Scion7, pining for his lost youth, circa 1823?

Sergeant Rock

#65
Quote from: Ken B on June 17, 2017, 07:15:55 AM
Nostalgia?
Scion7, pining for his lost youth, circa 1823?

Those were the days, my friend...we thought they'd never end

...and then Stockhausen hired a chopper  :o


Sarge
the phone rings and somebody says,
"hey, they made a movie about
Mahler, you ought to go see it.
he was as f*cked-up as you are."
                               --Charles Bukowski, "Mahler"

Florestan

Quote from: Ken B on June 17, 2017, 07:15:55 AM
Nostalgia?
Scion7, pining for his lost youth, circa 1823?

Judging by his avatar, he's rather nostalgic for Greater Hungary.  ;D
"Beauty must appeal to the senses, must provide us with immediate enjoyment, must impress us or insinuate itself into us without any effort on our part." - Claude Debussy

Florestan

Quote from: k a rl h e nn i ng on June 17, 2017, 04:33:19 AM
Thanks for the correction.  I am relieved  0:)

You know me well enough, you shouldn't have worried in the first place.  :)

Quote from: k a rl h e nn i ng on June 17, 2017, 06:31:51 AM
And thank you for agreeing that Oh, but everyone gets prizes! is . . . problematic.

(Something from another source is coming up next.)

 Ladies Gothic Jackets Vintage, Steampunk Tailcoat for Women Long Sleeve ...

More problematic is the very idea of getting prizes. Competitions are for horses, not for artists:)
"Beauty must appeal to the senses, must provide us with immediate enjoyment, must impress us or insinuate itself into us without any effort on our part." - Claude Debussy

Ken B

Quote from: Florestan on June 17, 2017, 09:48:44 AM

More problematic is the very idea of getting prizes. Competitions are for horses, not for artists:)

First Prize, for Andrei!

>:D

Todd

The universe is change; life is opinion. - Marcus Aurelius, Meditations

People would rather believe than know - E.O. Wilson

Propaganda death ensemble - Tom Araya

Ken B

Todd makes a good point elegantly. Time is limited. We need ways to identify and advance the particularly talented or adept. Competitions are one of the tools we use to do that. Prizes aren't a final answer, but that doesn't make them useless.

Florestan

Quote from: Ken B on June 17, 2017, 11:48:16 AM
Todd makes a good point elegantly. Time is limited. We need ways to identify and advance the particularly talented or adept. Competitions are one of the tools we use to do that. Prizes aren't a final answer, but that doesn't make them useless.

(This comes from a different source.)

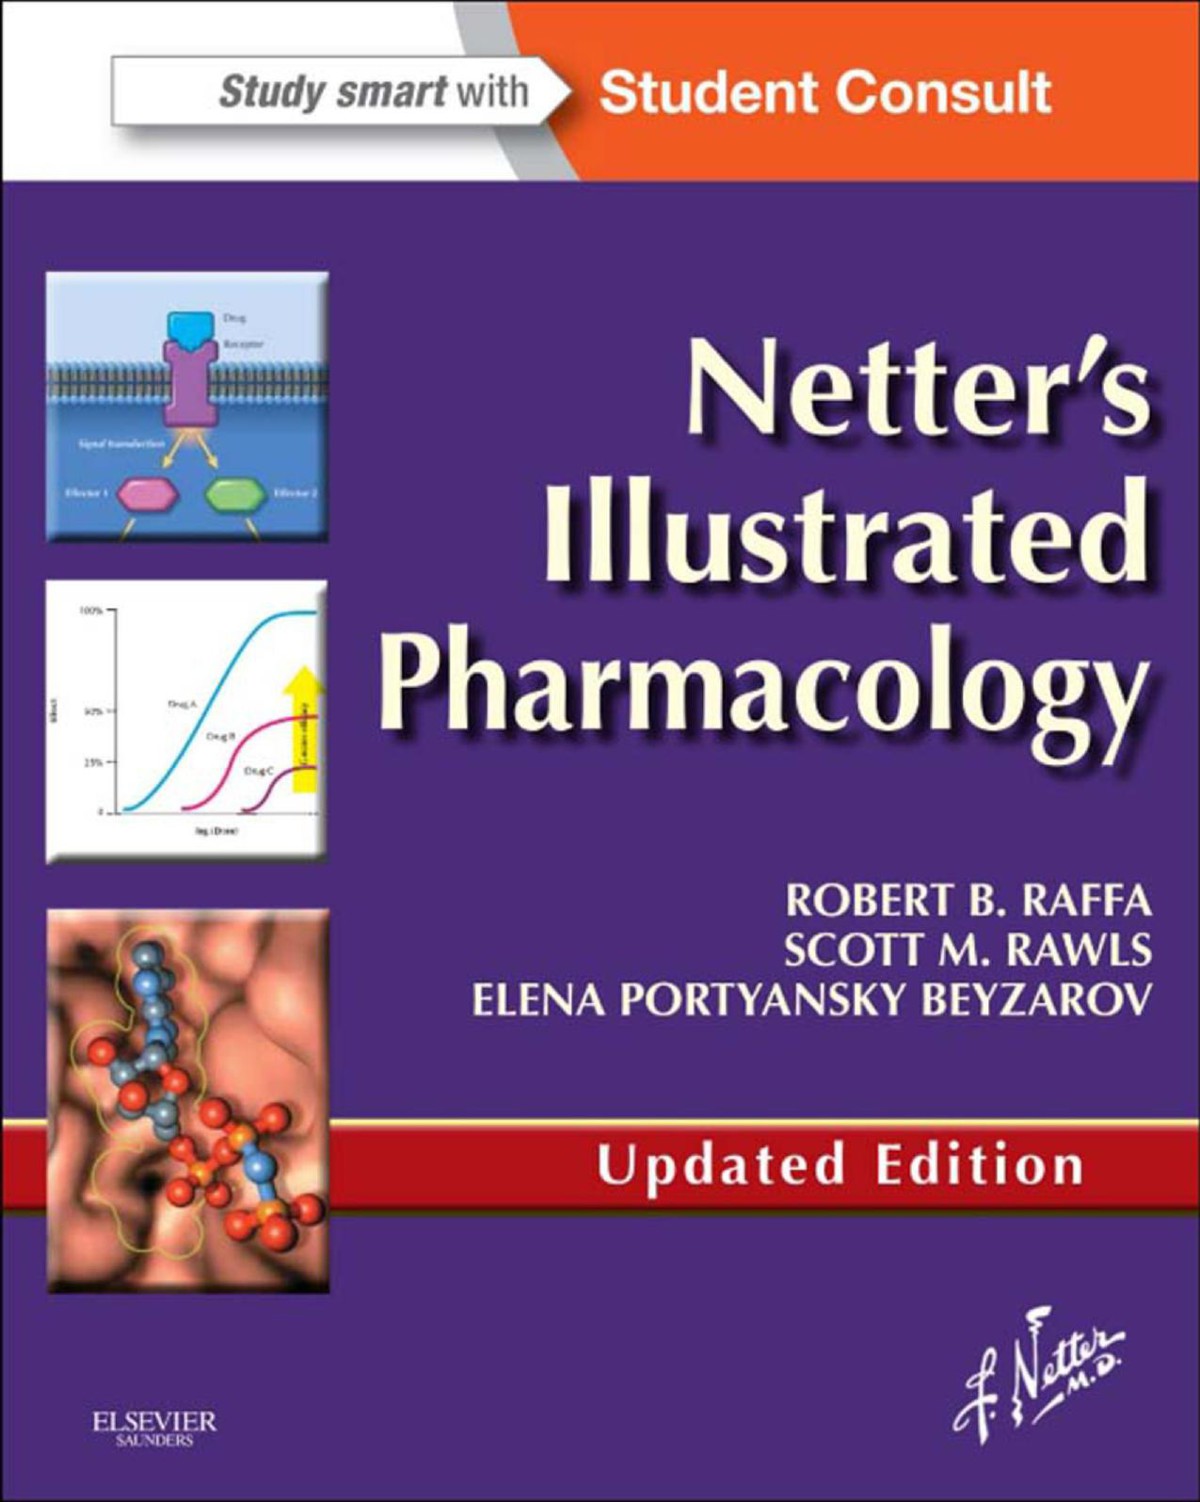 Netter's Illustrated Pharmacology Updated Edition PDF

I'm sure Bartok did not have such competitions in mind.
"Beauty must appeal to the senses, must provide us with immediate enjoyment, must impress us or insinuate itself into us without any effort on our part." - Claude Debussy

Turner

Quote from: Florestan on June 17, 2017, 12:14:29 PM
I'm sure Bartok did not have such competitions in mind.

Bartok had constant economical problems. Prizes are usually accompanied by money. His Opus 1 Rhapsody was submitted to the Anton Rubinstein Prize Competition in Paris in 1905, but won nothing.

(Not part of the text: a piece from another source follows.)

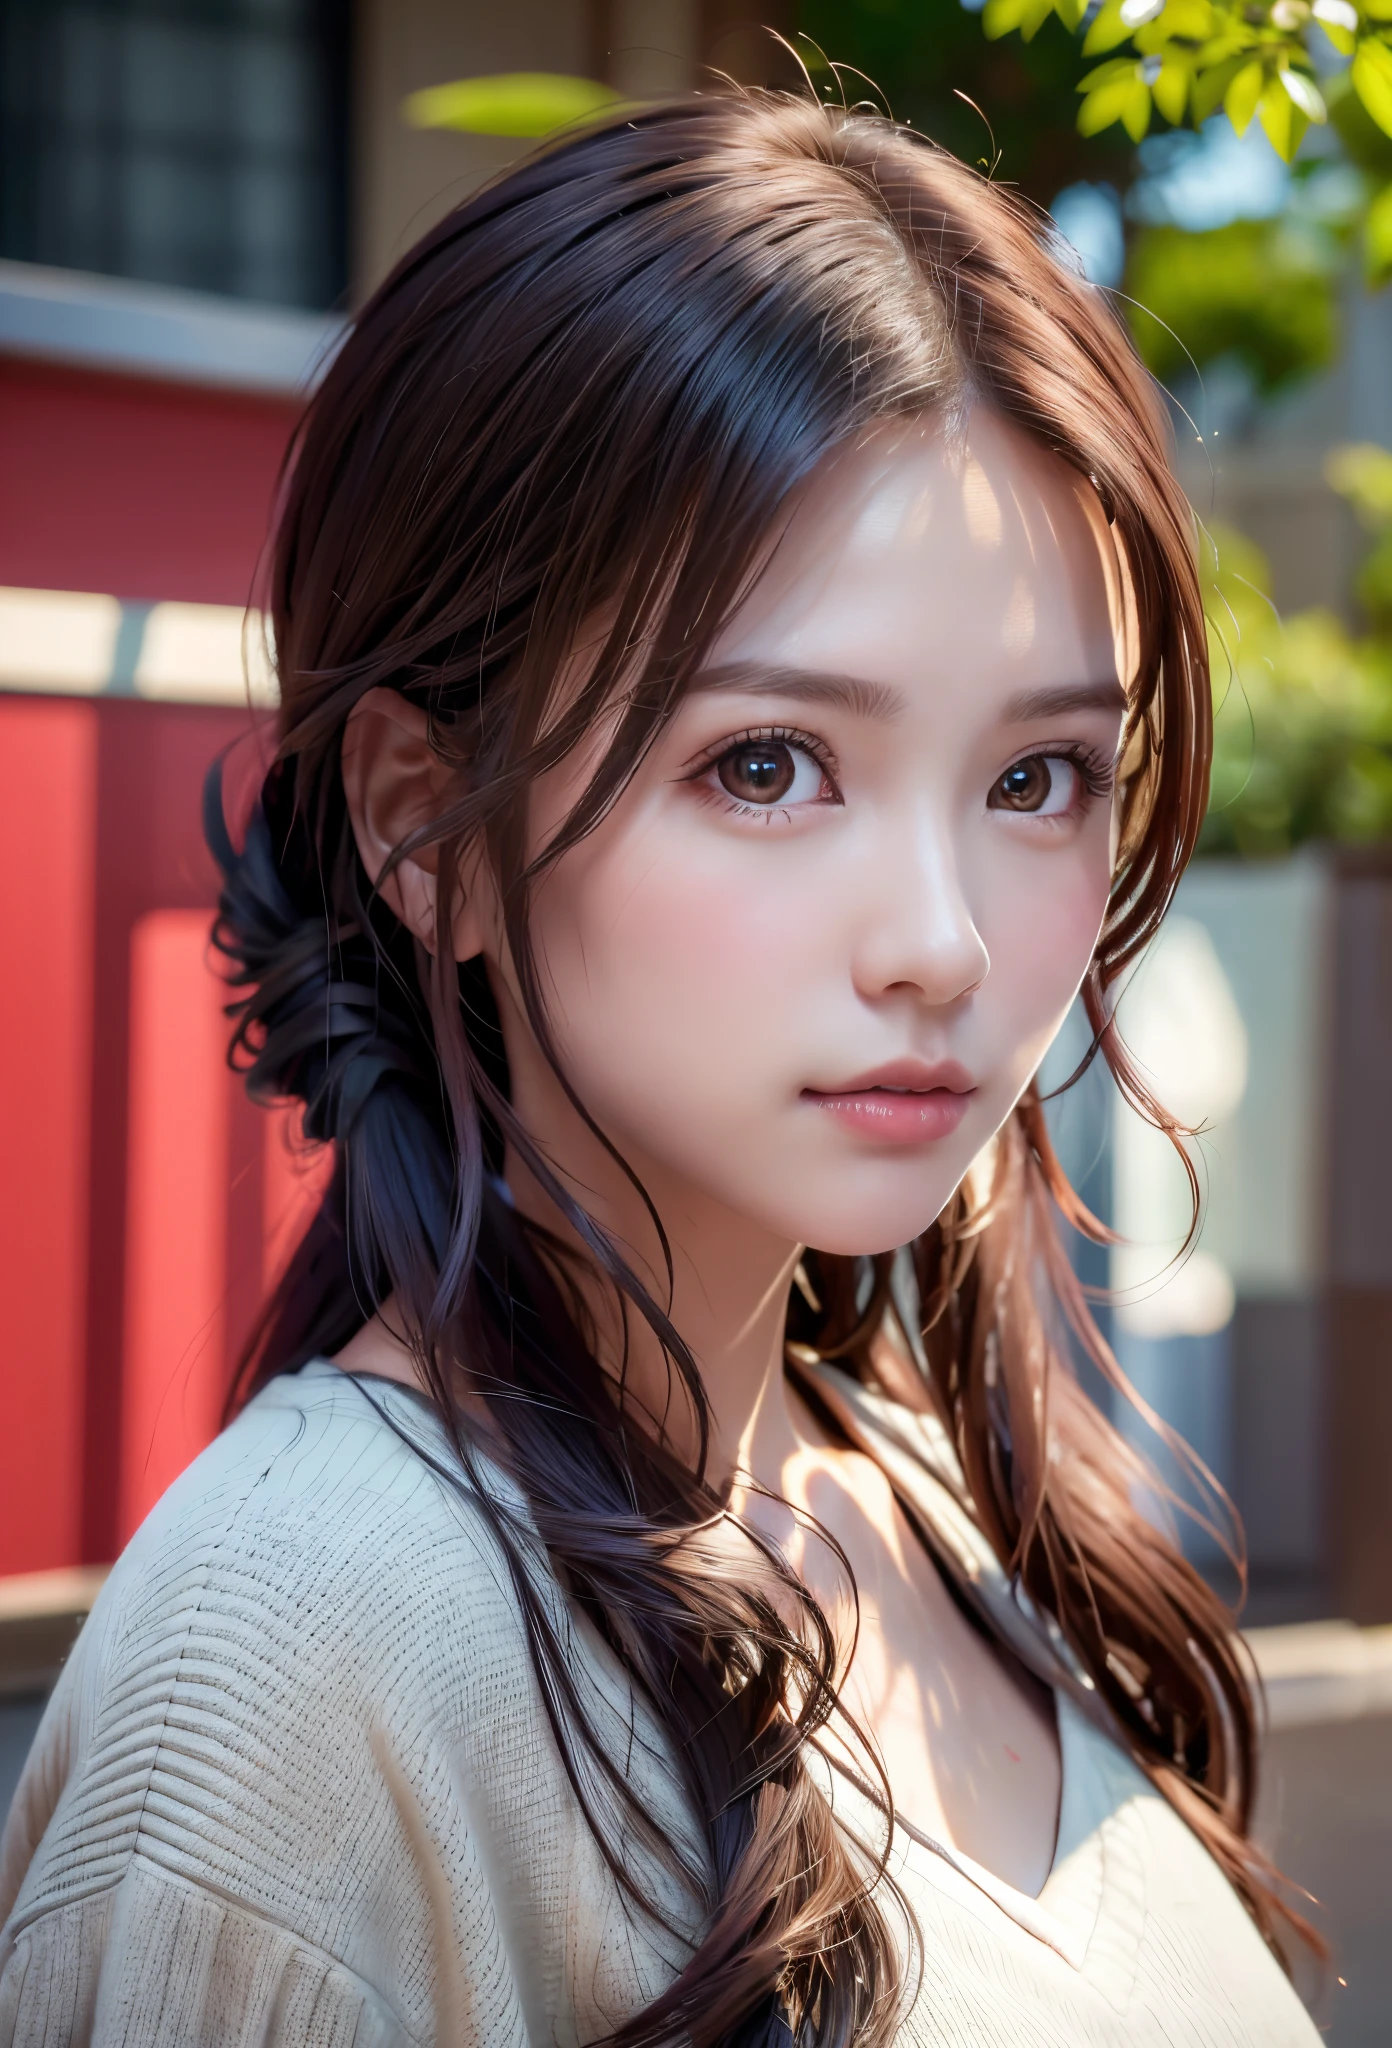 8K, of the highest quality, masutepiece:1.2), (Realistic, Photorealsitic:1.37), of the highest quality, masutepiece, Beautiful young woman, Pensive expression,、A charming、and an inviting look, Oversized knitwear、Hair tied back, Cinematic background, Light skin tone

He  entered his 3rd Quartet for a prize in Philadelphia. It had been composed in Budapest, but the prize earned him $3000, which helped him financially through the 1930s.

starrynight

Quote from: amw on June 15, 2017, 06:46:42 PM
Arditti Quartet
JACK Quartet
Quatuor Diotima
Pellegrini-Quartett
Kairos-Quartett
Maggini Quartet
Hagen Quartet
Pacifica Quartet
Juilliard Quartet
Quartet-Lab
Jasper Quartet
Spektral Quartet
Keller Quartet
Minguet Quartet
Quartetto Prometeo

Off the top of my head.

How do we compare them to the performers of the pre-recording era?  Another problem is the further back you go the more music has been lost.  And over time with the globalisation of culture classical music has spread it's wings beyond that Western European base.  With the advent of recordings and then the wide distribution of the internet things are very different now.

So I think it's hard to compare the past to modern times, it's just a different culture.